It would have been nice for Drogon to make sure everyone else is safe, or hell, to carry them, too. It looks like most of the Sons are dead, but the plot mechanics are off, because danger is what necessitates Dany getting on Drogon’s back in the first place. And where’s Drogon going anyway? Regardless, Dany and Drogon make an excellent rebuke to Stannis. The tragedy of The Dance Of Dragons, and “The Dance With Dragons,” is blood turning on blood.

Stray observations:

  • Erik’s on ATX Festival duty this week, so he asked me to step in. I’ve read the first two books, corresponding with the first two seasons, and they shed zero light on “The Dance Of Dragons.” But Erik will be back with a completely unsullied review of the season finale next week.
  • Stannis determines his guards either failed to spot Ramsay’s crew or conspired with them. “Find out the truth and then hang them.” Remember what Tyrion said about a leader who kills those loyal to them?
  • And about the arson, I get that the Northerners know their land better than Team Stannis, and visibility is extra low while it’s snowing, but those fires started all over the place at once. Nobody saw anything?

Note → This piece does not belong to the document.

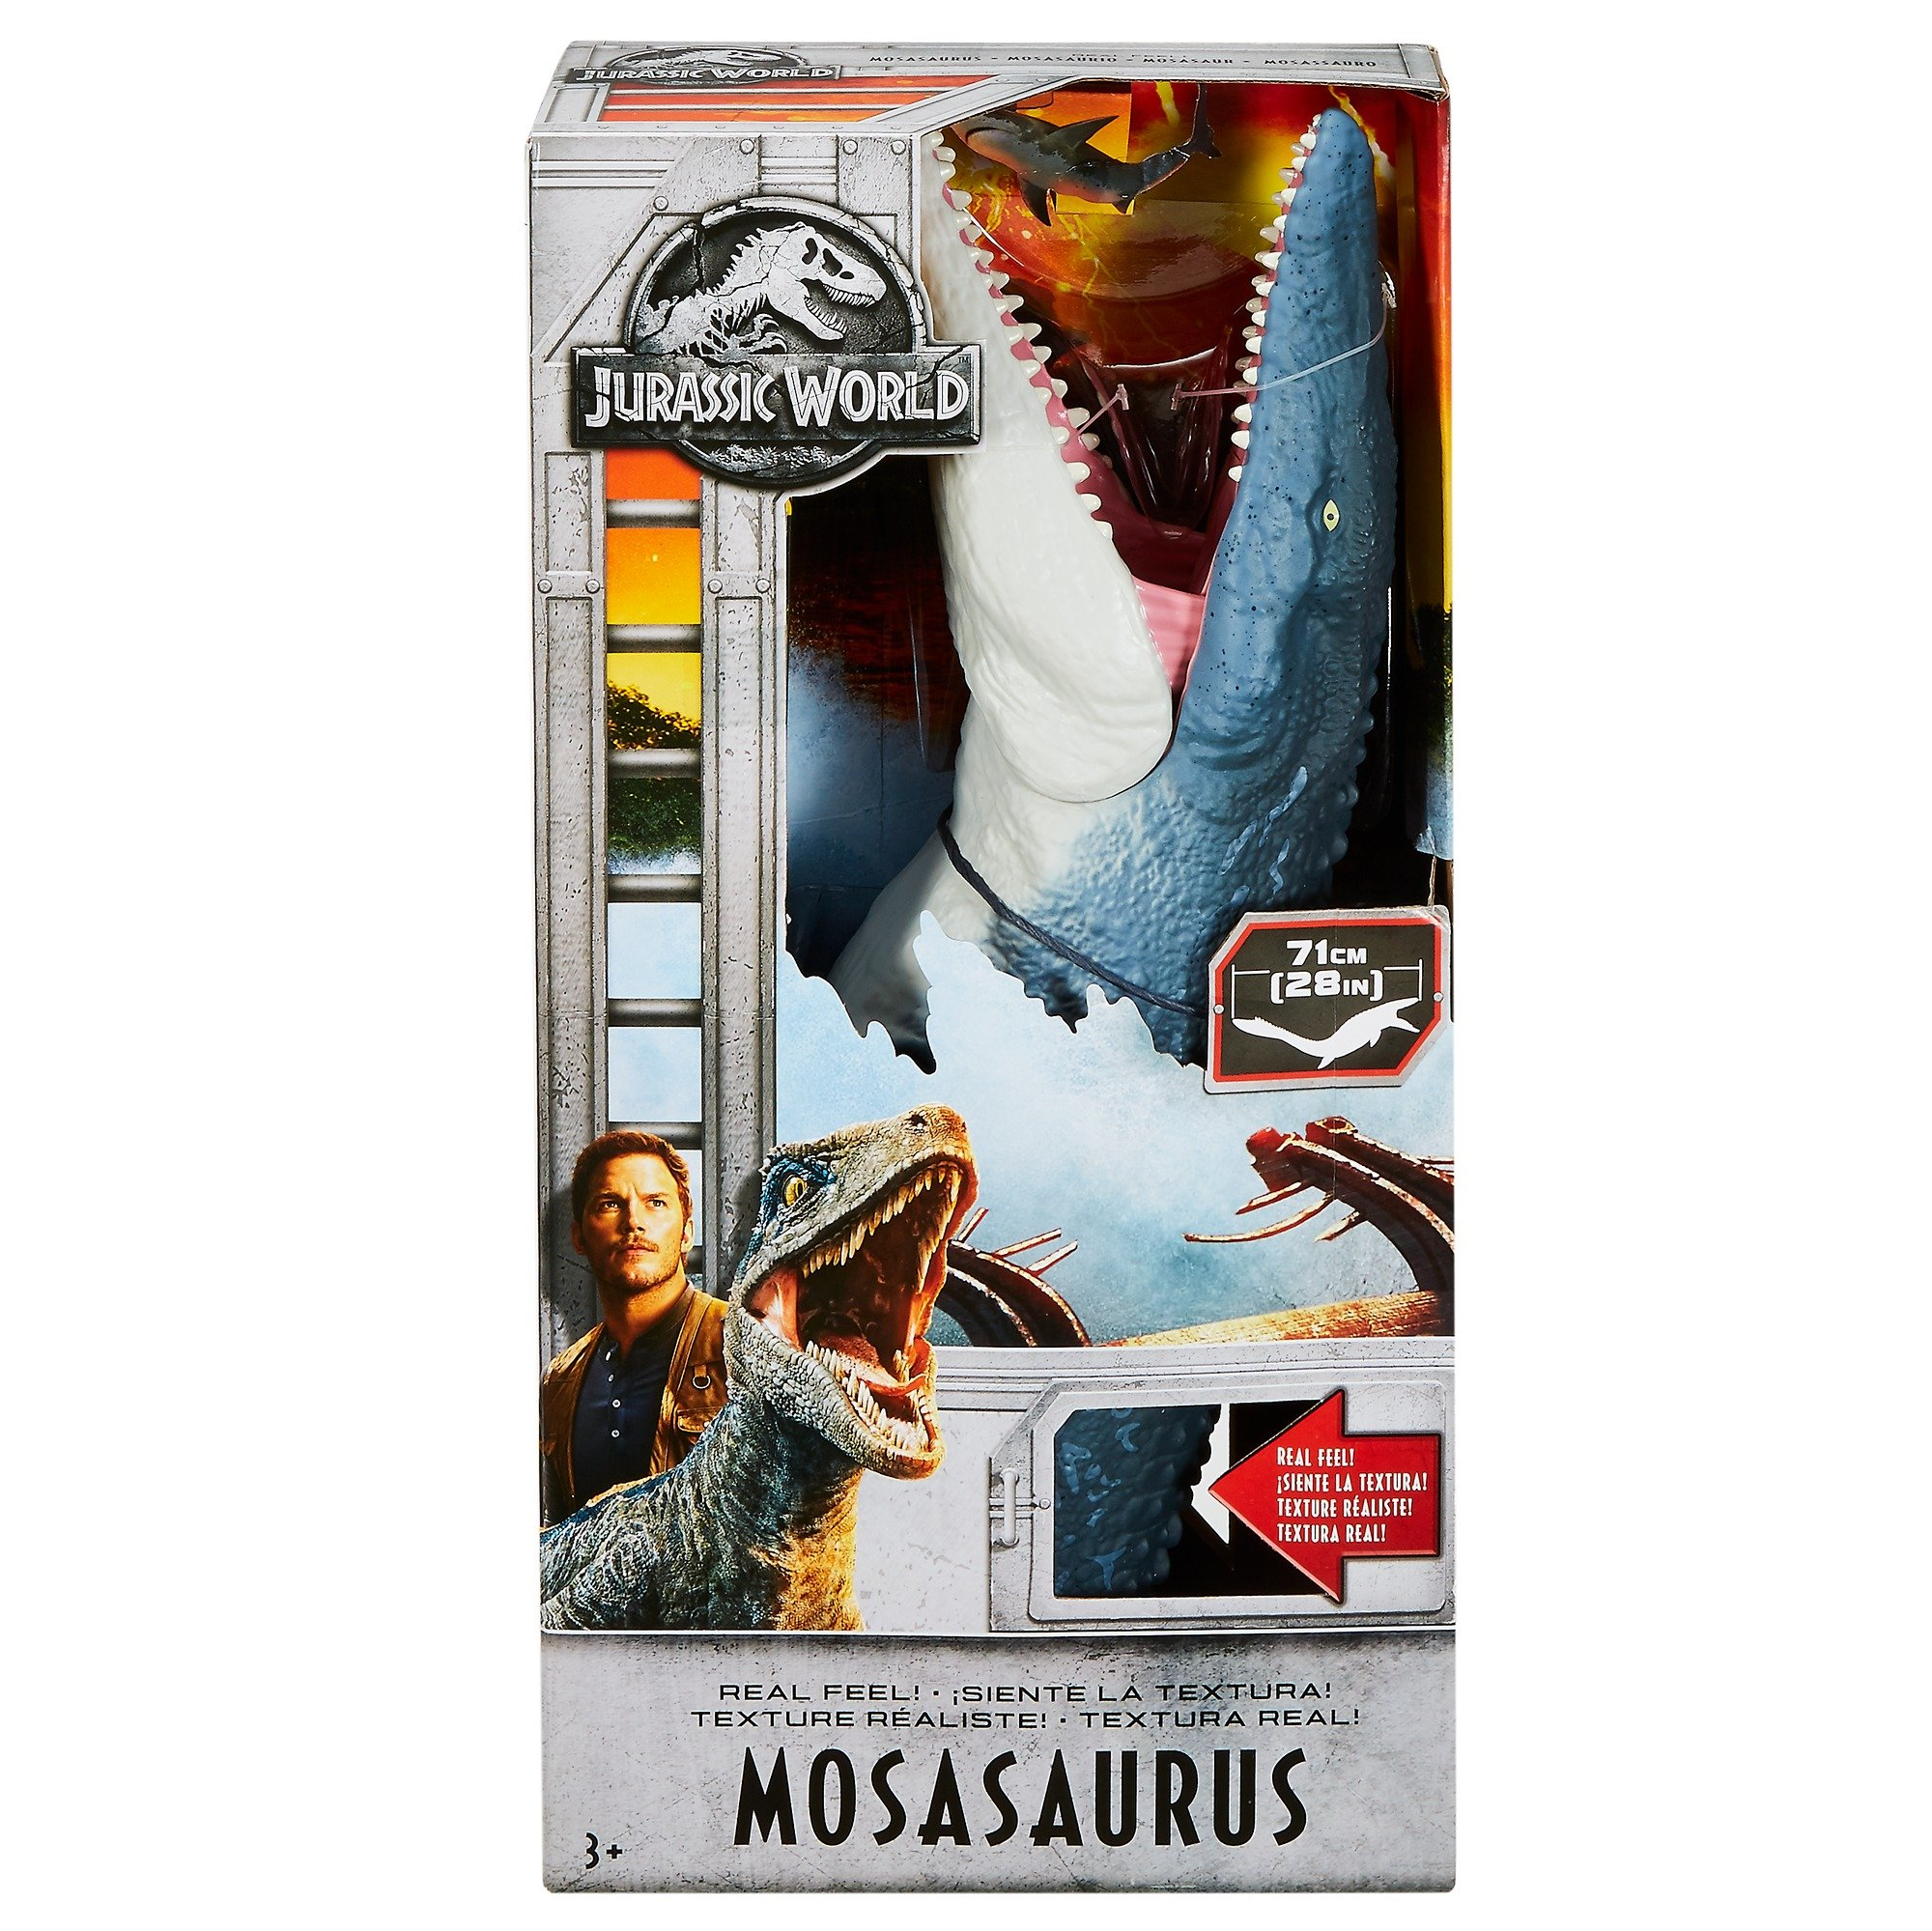 Jurassic World Real Feel Mosasaurus Figure by Jurassic World Toys (Image #5)

  • Sunspear Update: The writers made some arbitrary decisions that fill up time in the hopes that it seems like there was a season-long plot of any consequence in Dorne. To be specific, Doran lets Jaime and Bronn go free with Myrcella for the low, low cost of a single punch to Bronn. They also have to take Prince Trystane, who will replace Oberyn on the Small Council, which is an arrangement that you’d think would have been made immediately following Oberyn’s death, but I guess they had to justify this terrible vacation somehow. Also Doran makes Ellaria kiss his ring and reaffirm her fealty, as if she had actually been in rebellion all this time and not just off-screen while the Sand Snakes got day-drunk and decided a kidnapping was a smart move. It’s really traumatic for Ellaria to kiss the ring, I guess because this means the end of her grief vengeance for Oberyn, but boy, has season five failed her and him and everyone else in Dorne.
  • Then again, there have been some bright spots, like Jaime discovering a new use for his hand. And the scene where Areo releases Bronn from jail. “Am I gonna be happy at the end of this walk?” “You’ll find out soon.”

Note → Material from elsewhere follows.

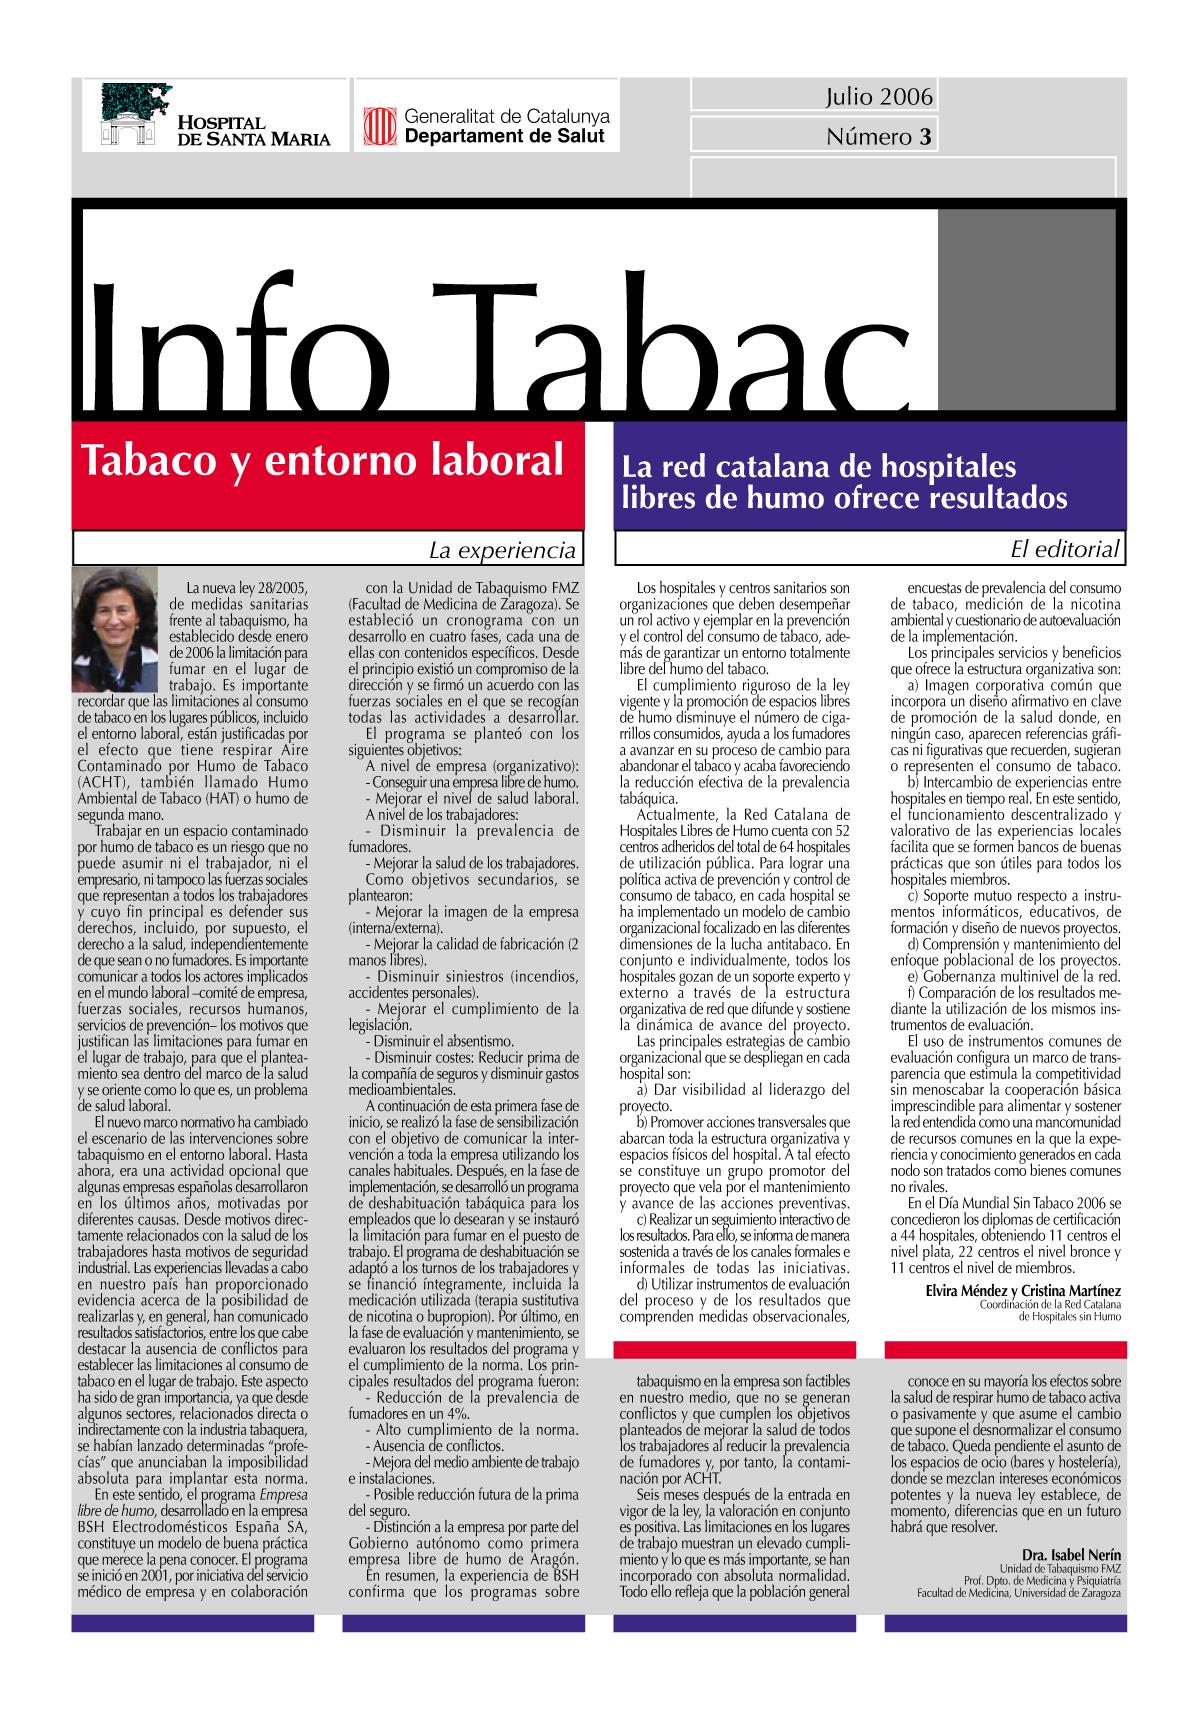 Info Tabac nº3 - Julio 2006

  • Tyrion: “It’s easy to confuse what is with what ought to be, especially when what is has always worked in your favor.” Hizdahr has a good line or two, but as Tyrion says, “In my experience, eloquent men are right every bit as often as imbeciles.”
  • As Jorah faces death in the pits, Tyrion implores Dany, “You can end this!” Hizdahr butts in: “She can’t.” Tyrion: “You can!” Notice he doesn’t say, “She can,” to Hizdahr. He keeps talking to Dany, keeps the ball in her court. Tyrion can’t get back in the Tower of the Hand soon enough.